Akşam eve döndüğümde ilk iş olarak girişiyorum araştırmaya. Nette ulaşıyorum kitap bilgilerine ve yazarın diğer kitaplarına. Altı adet çocuk kitabı ve iki (sanırım roman) yazmış olduğunu tespit ediyorum. Sosyal medya üzerinden yazarla ilgili net bilgilere ise ulaşabilmiş değilim. Birkaç fotoğrafını gördüm oldukça genç biri.

Keşke kitaplarını okuyup da yapsaydım, yazsaydım, bu eleştiriyi… Ama ne değişecekti ki bir yanda asırlık bir çınar Anadolu’nun en tutucu kesiminde doğmuş, o yörede bütün olumsuzluklara karşı kişiliğini geliştirmiş, ağır çevre baskısı ve töre dayatmalarına direnmiş ve “Kestim kara saçlarımı” demiş bir yazar ve ne dediği şimdilik çok da önem arz etmeyecek olan bir fenomen. Bu bendeki bir ön yargı olsa bile fikrimi değiştireceğimi sanmıyorum.

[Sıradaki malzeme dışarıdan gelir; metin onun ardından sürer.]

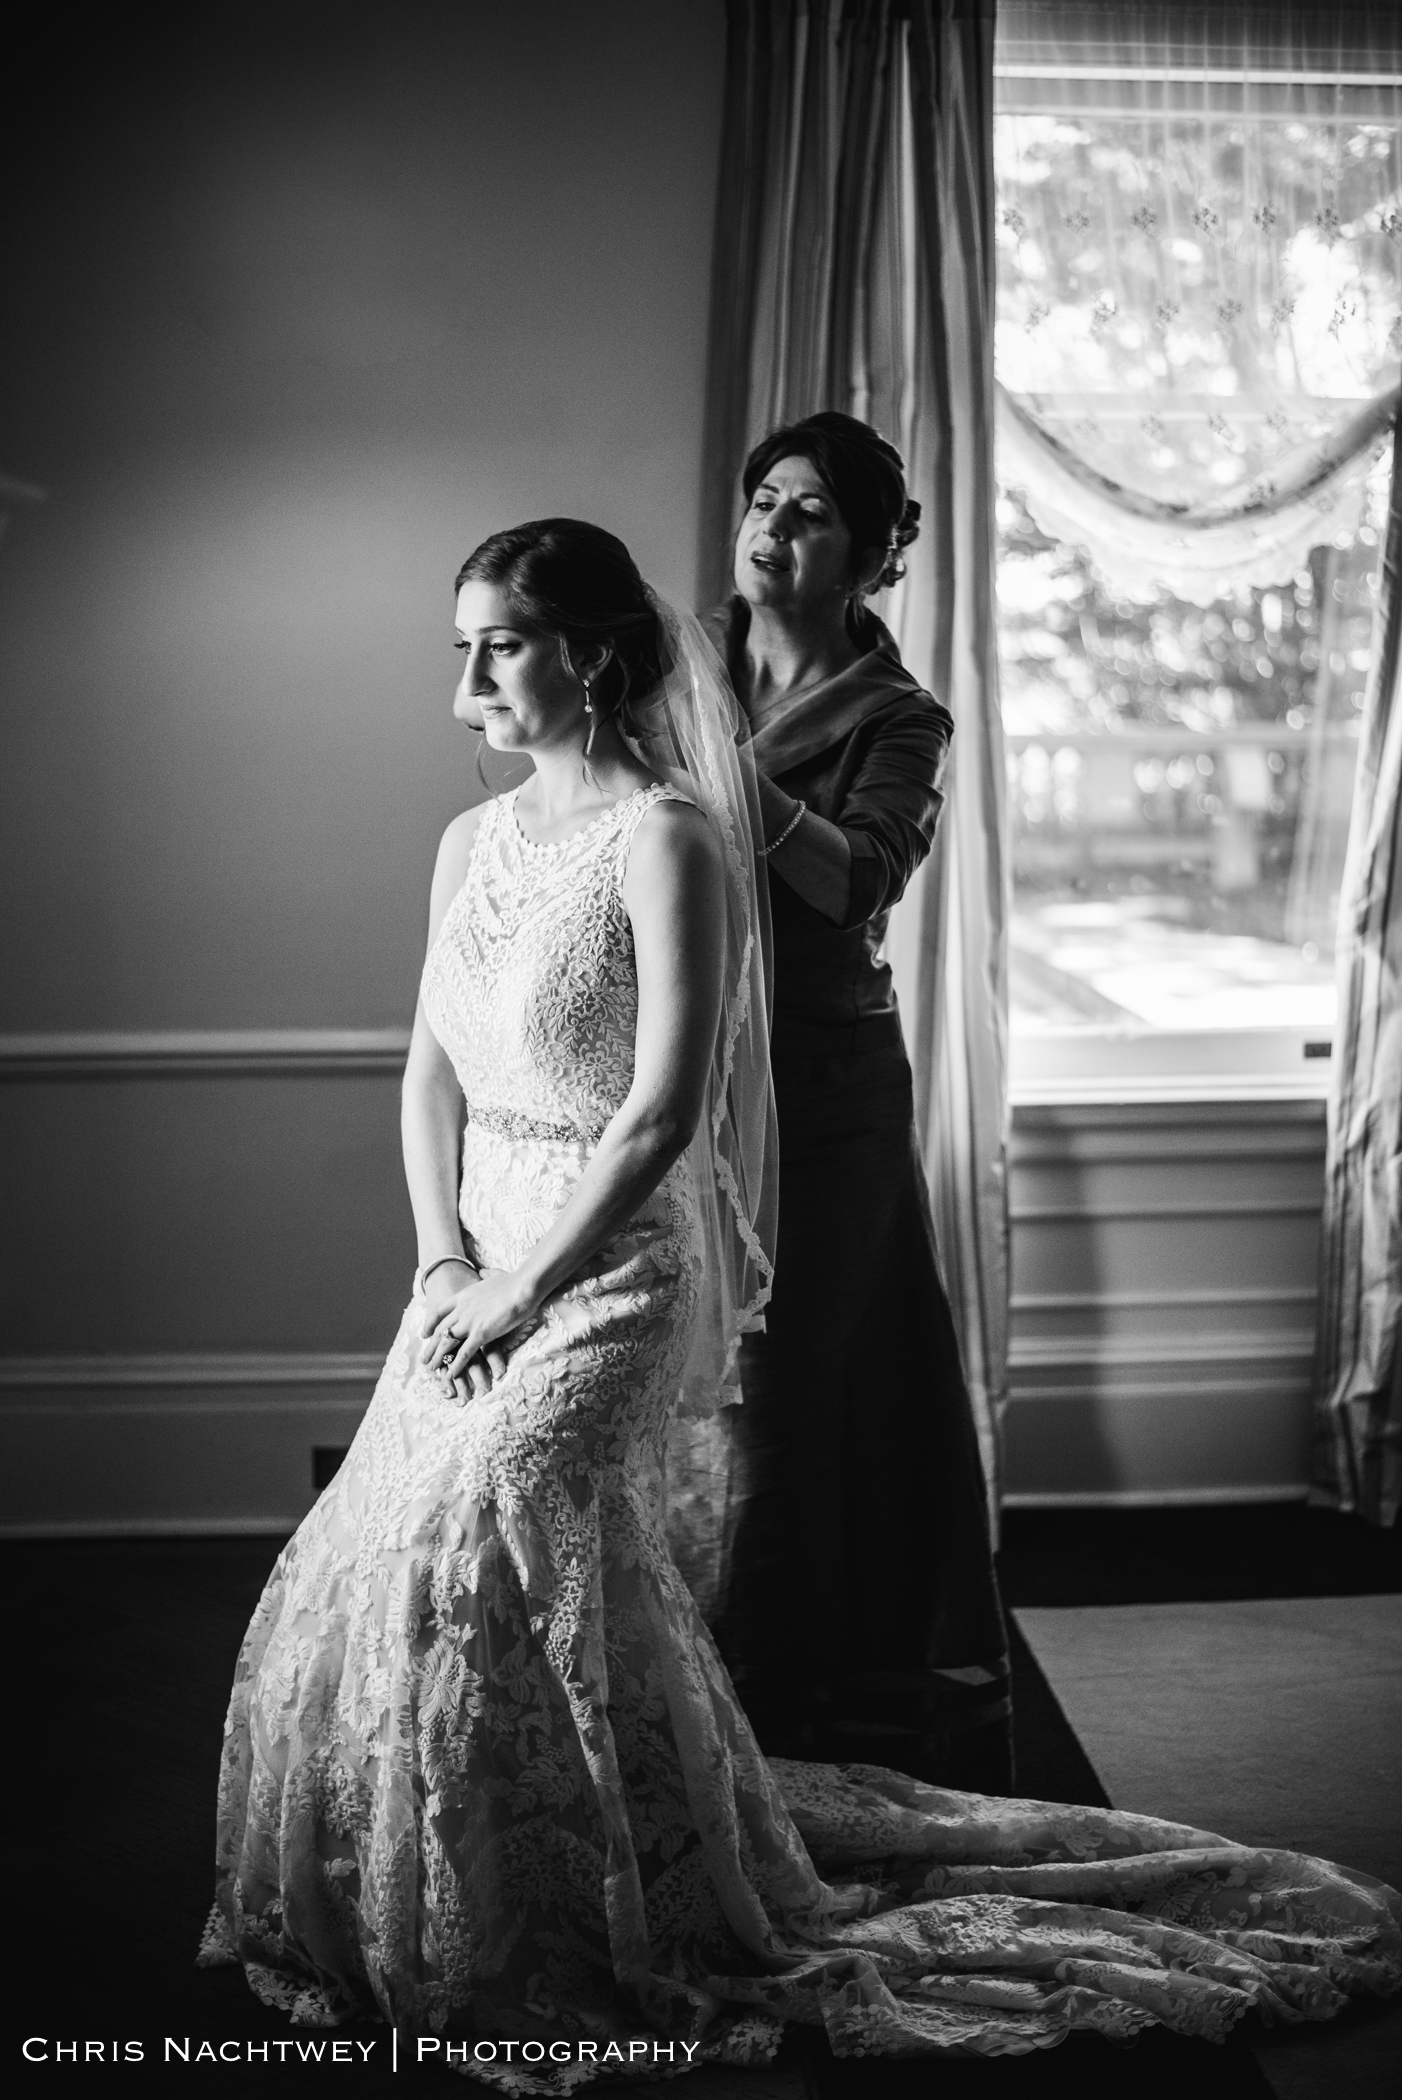 harkness-wedding-photos-chris-nachtwey-photography-2018-9.jpg

Kitabın birinci baskısıymış! Ve elli bin adet basılmış! Hiçbir yayın evi bir şiir kitabını basmıyor, bassa bile en çok beş yüz adet basıyor ve basım maliyetini yazarına yüklüyorken bu nasıl bir cesaret.

Nasıl bir körükleme, nasıl bir hareket, nasıl bir piyasa hazırlama ve gençliği böyle bir sürüklenme içine sokma!

Aklı kesen varsa lütfen beni de aydınlatsın bu hususta.

Neden mi böyle düşünüyorum?

Nedeni açık!

Nette kitaplarla ilgili ulaştığım bazı bilgi ve okuyucu yorumlarını kopyalıyorum yazı ekine. Takdiri de size bırakıyorum. Aynı zamanda sizleri şu soruyla baş başa bırakarak: “Gençlik nereye gidiyor!”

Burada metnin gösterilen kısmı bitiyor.